The GPU data is referred as `GPUMemoryBase` pointer once it is generated by `to_GPU()` method, and is cast back to specific GPU memory type during operations.

- `GPUMemoryViennaCL` is `ViennaCL` specific GPU memory library interface, which defines the operations to access and manipulate data on GPU with `ViennaCL` operations.

#### Understanding operation implementations of different backends

- `LinalgBackendBase` is the base class for operations on all different backends. The macros in `LinalgBackendBase` class defined the `linalg` operations and data transfer operations available in at least one backend.

- `LinalgBackendGPUBase` has two pure virtual methods: `to_gpu()` and `from_gpu()`. `LinalgBackendViennaCL` and other user-defined GPU backend classes are required to be derived from `LinalgBackendGPUBase` class, and thus GPU transfer methods are required to be implemented.

- `LinalgBackendEigen` and `LinalgBackendViennaCL*` classes provide the specific implementations of linear algebra operations with `Eigen3` library and `ViennaCL` library.

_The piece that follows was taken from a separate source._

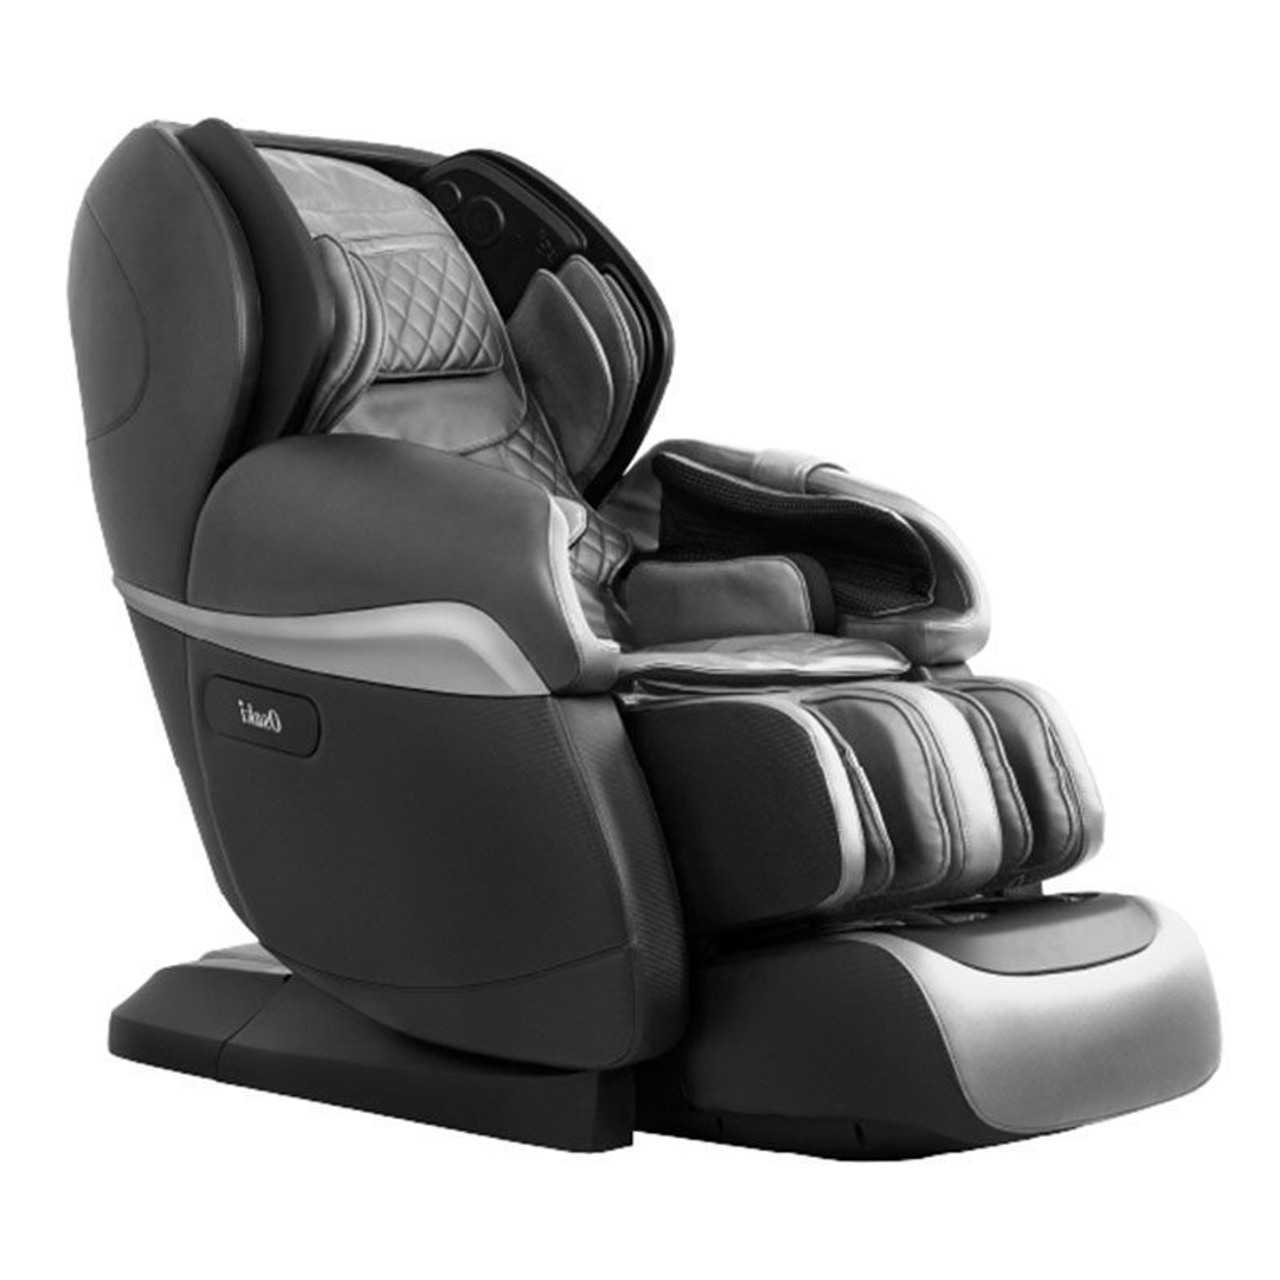 Pro OS-4D Paragon Massage Chair by Osaki

#### Extend external libraries

Current `linalg` framework allows easy addition of external linear algebra libraries. To add CPU-based algebra libraries, users just need to derive from `LinalgBackendBase` and re-implement the methods with new library. For GPU-based libraries, users need to add new class derived from `LinalgBackendGPUBase`, as well as the GPU memory library interface class derived from 'GPUMemoryBase` class.